ROCm · gyohuangxin · Jun 26, 2026
diff --git a/.github/workflows/atom-test.yaml b/.github/workflows/atom-test.yaml
@@ -265,6 +265,107 @@ jobs:
           GPU_PREFLIGHT_ALLOCATION_MB: "8"
         run: bash .github/scripts/gpu_preflight_check.sh "$CONTAINER_NAME" docker
 
+      - name: HIP single-process debug probe
+        if: matrix.runner == 'linux-atom-do-mi350x-8'
+        timeout-minutes: 5
+        run: |
+          set -o pipefail
+          docker exec -i "$CONTAINER_NAME" bash -s <<'SH' 2>&1 | tee atom_hip_single_process_probe.log
+          set -euo pipefail
+
+          echo "=== Environment and device mapping ==="
+          id
+          env | sort | grep -E '^(HIP|ROCR|CUDA|HSA|NCCL|RCCL|TORCH|LOCAL_RANK|RANK|WORLD_SIZE)=' || true
+          ls -l /dev/kfd /dev/dri || true
+          cat /opt/rocm/.info/version || true
+
+          echo "=== ROCm device state ==="

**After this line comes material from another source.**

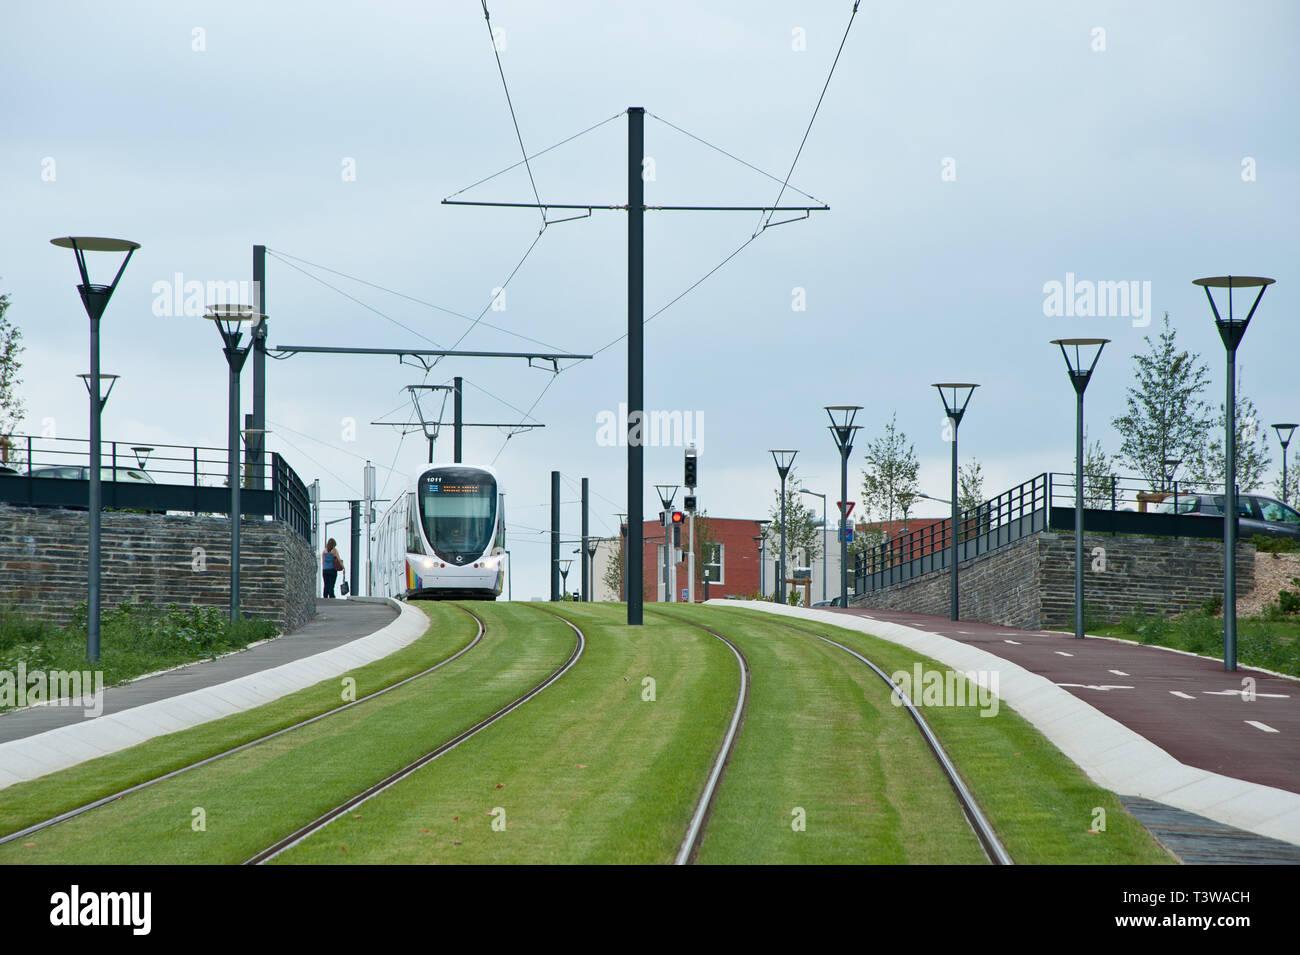 Angers, moderne Straßenbahn, Durchfahrt Institut de Biologie de Santé, CHU Angers Angers, moderne Straßenbahn, Passage Institut de Biologie de Santé, CHU Stockbild

+          rocm-smi --showproductname || true
+          rocm-smi --showdriverversion || true
+          rocm-smi --showtopo || true
+          rocm-smi --showmemuse || true
+          rocm-smi --showpidgpus || true
+
+          echo "=== PyTorch single-process HIP init ==="
+          python3 - <<'PY'
+          import torch
+
+          print(f"torch={torch.__version__}")

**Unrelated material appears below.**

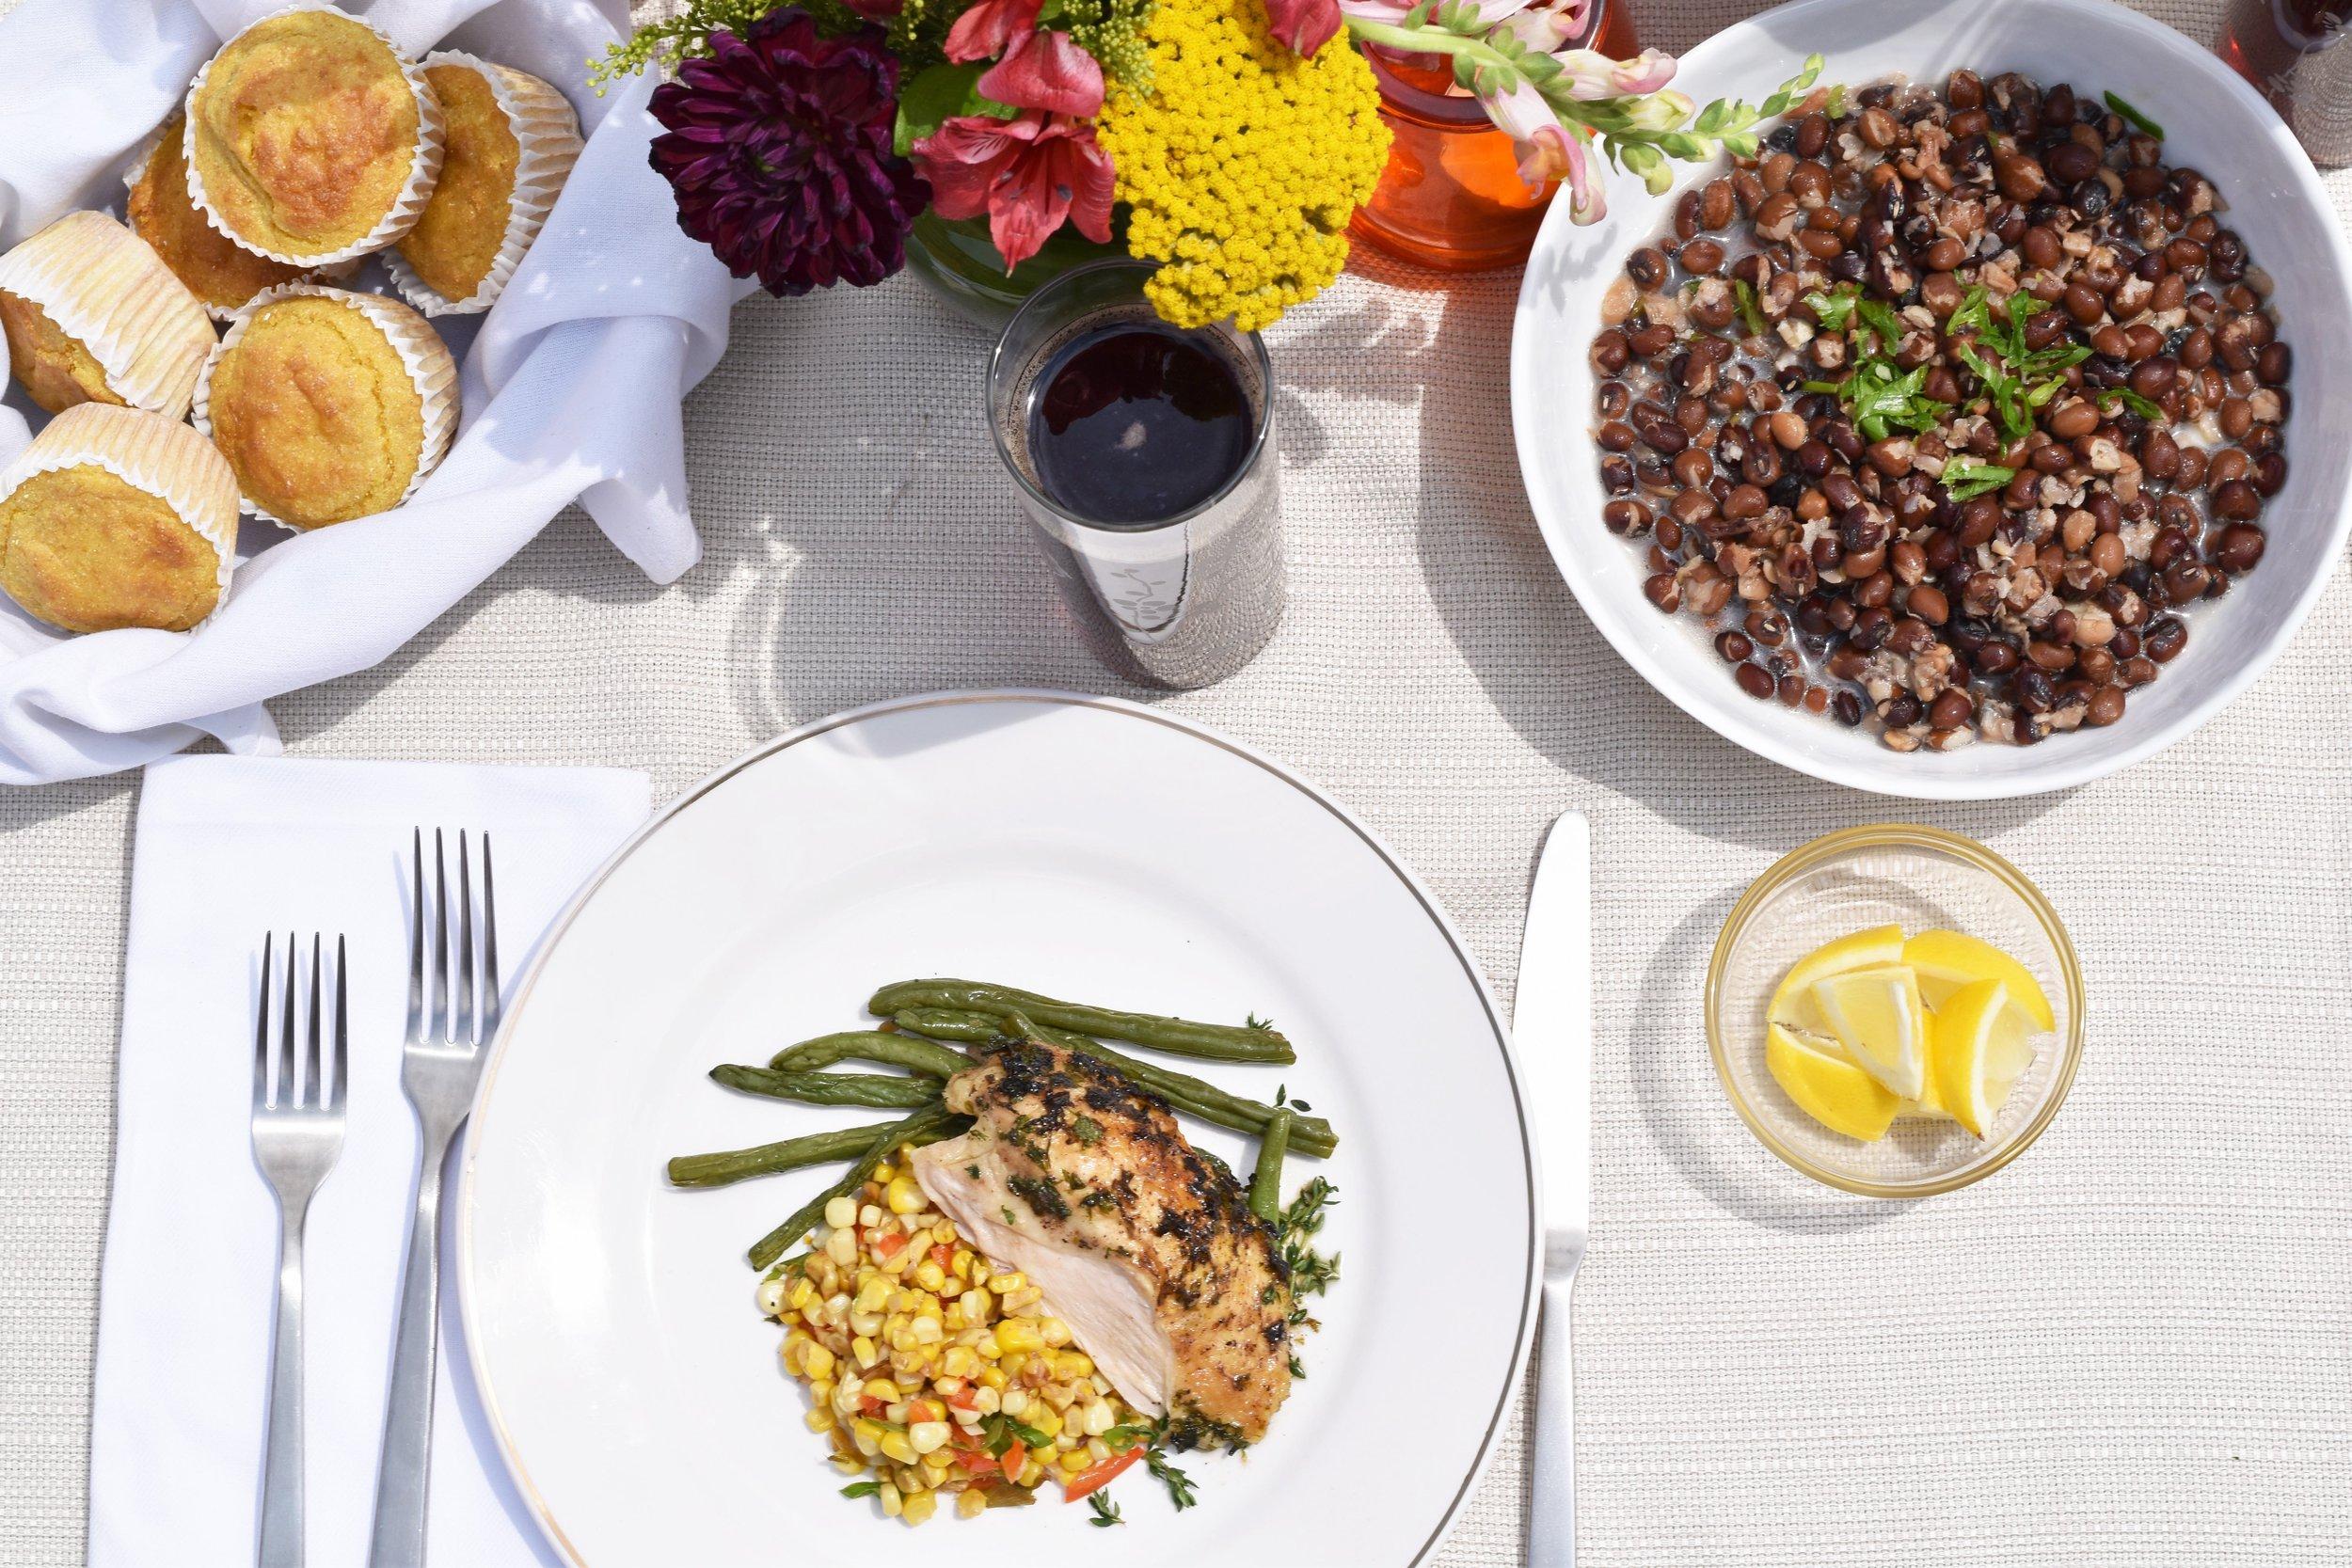 Heartfelt Catering Summer Table 1 sm.jpg

+          print(f"torch.version.hip={getattr(torch.version, 'hip', None)}")
+          print(f"torch.cuda.is_available={torch.cuda.is_available()}")
+          count = torch.cuda.device_count()

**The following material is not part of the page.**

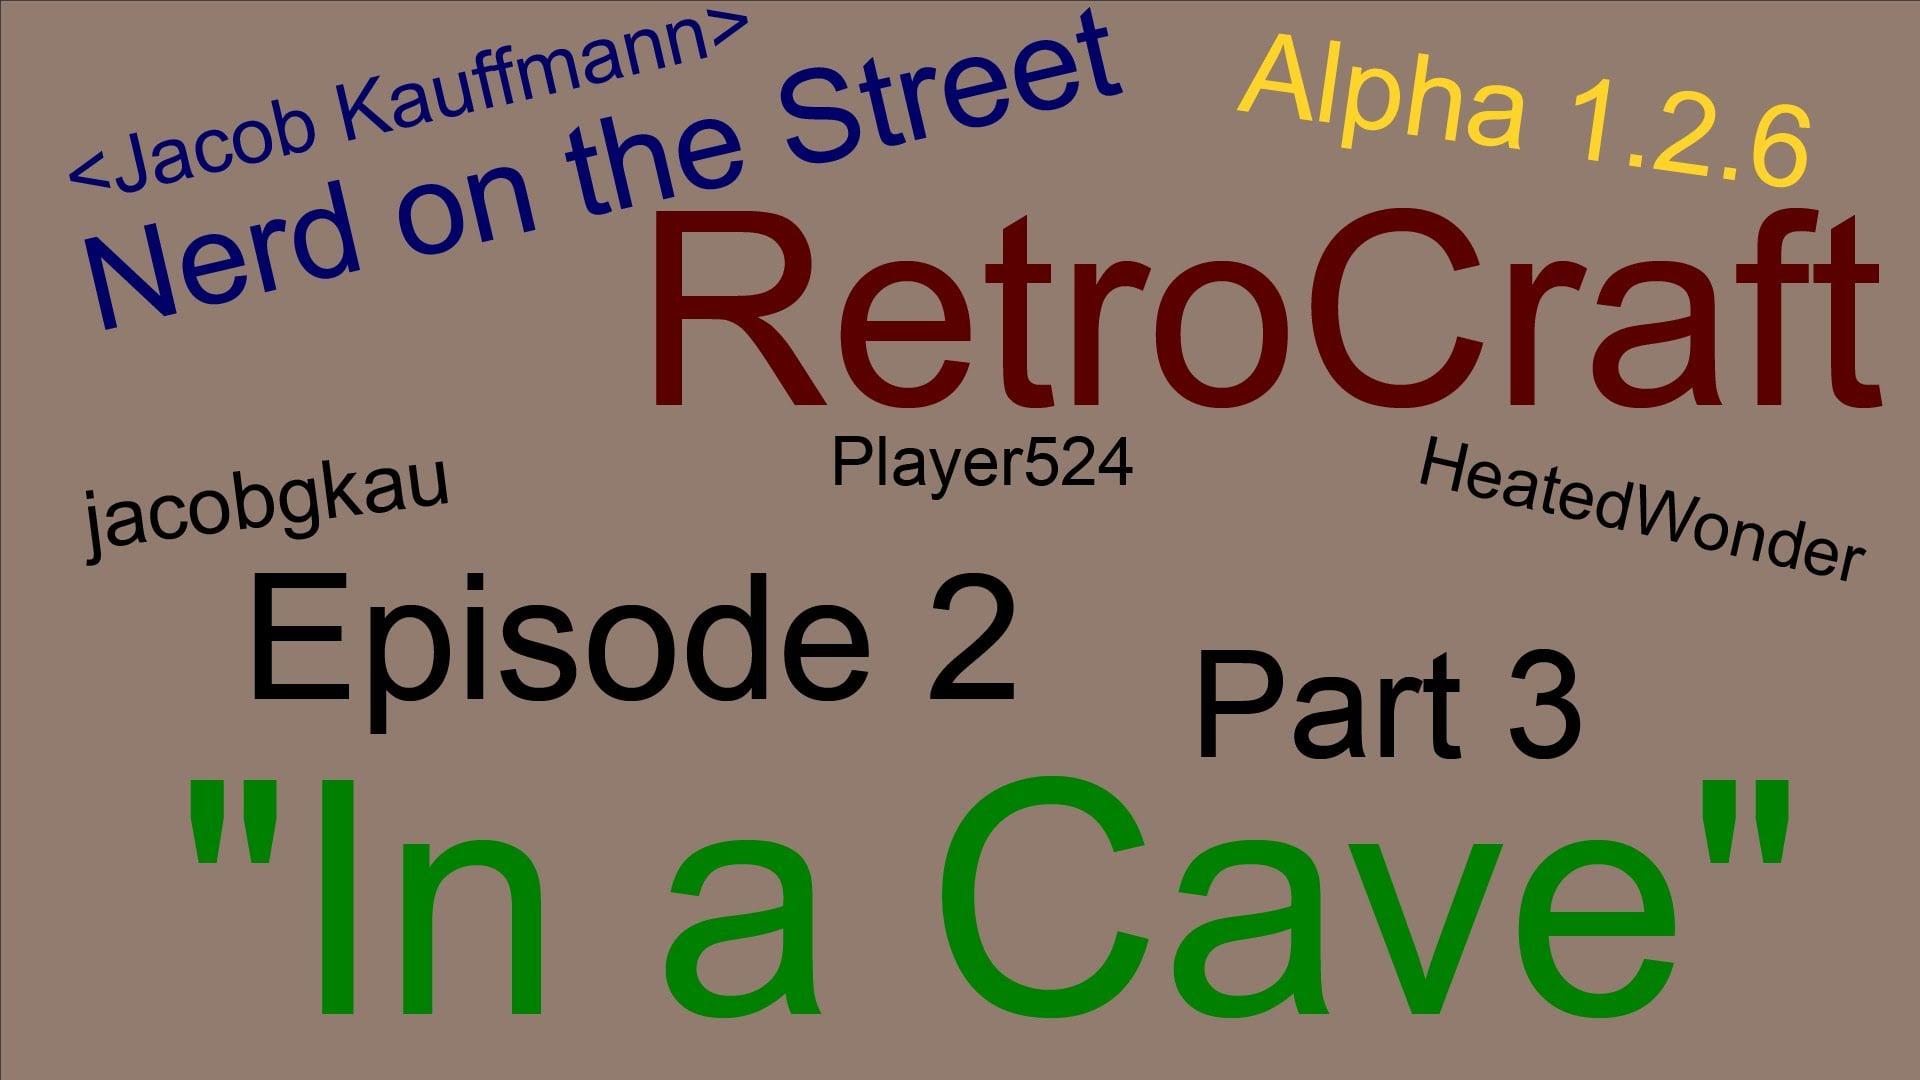 In a Cave - Part 3 - RetroCraft

+          print(f"torch.cuda.device_count={count}")
+          if not torch.cuda.is_available() or count <= 0:
+              raise RuntimeError("No available HIP devices for single-process probe")
+
+          for index in range(count):
+              torch.cuda.set_device(index)
+              tensor = torch.empty((1024, 1024), dtype=torch.float32, device=f"cuda:{index}")
+              torch.cuda.synchronize()
+              print(
+                  f"device[{index}]={torch.cuda.get_device_name(index)} "
+                  f"allocation_ok bytes={tensor.numel() * tensor.element_size()}"
+              )
+              del tensor
+              torch.cuda.empty_cache()
+          PY
+          SH
+
+      - name: HIP distributed TP4 smoke test
+        if: matrix.runner == 'linux-atom-do-mi350x-8'
+        timeout-minutes: 10
+        run: |
+          set -o pipefail
+          docker exec -i \
+            -e NCCL_DEBUG=INFO \
+            -e RCCL_LOG_LEVEL=INFO \
+            -e TORCH_DISTRIBUTED_DEBUG=DETAIL \
+            "$CONTAINER_NAME" \
+            bash -lc 'cat > /tmp/atom_torch_dist_smoke.py && python3 -m torch.distributed.run --standalone --nnodes=1 --nproc_per_node=4 /tmp/atom_torch_dist_smoke.py' <<'PY' 2>&1 | tee atom_hip_dist_tp4_smoke.log
+          import os
+
+          import torch
+          import torch.distributed as dist
+
+
+          def main() -> None:
+              rank = int(os.environ["RANK"])
+              local_rank = int(os.environ["LOCAL_RANK"])
+              world_size = int(os.environ["WORLD_SIZE"])
+
+              if not torch.cuda.is_available():
+                  raise RuntimeError("torch.cuda.is_available() is false")
+
+              device_count = torch.cuda.device_count()
+              if device_count < world_size:
+                  raise RuntimeError(
+                      f"Expected at least {world_size} HIP devices, found {device_count}"
+                  )
+
+              torch.cuda.set_device(local_rank)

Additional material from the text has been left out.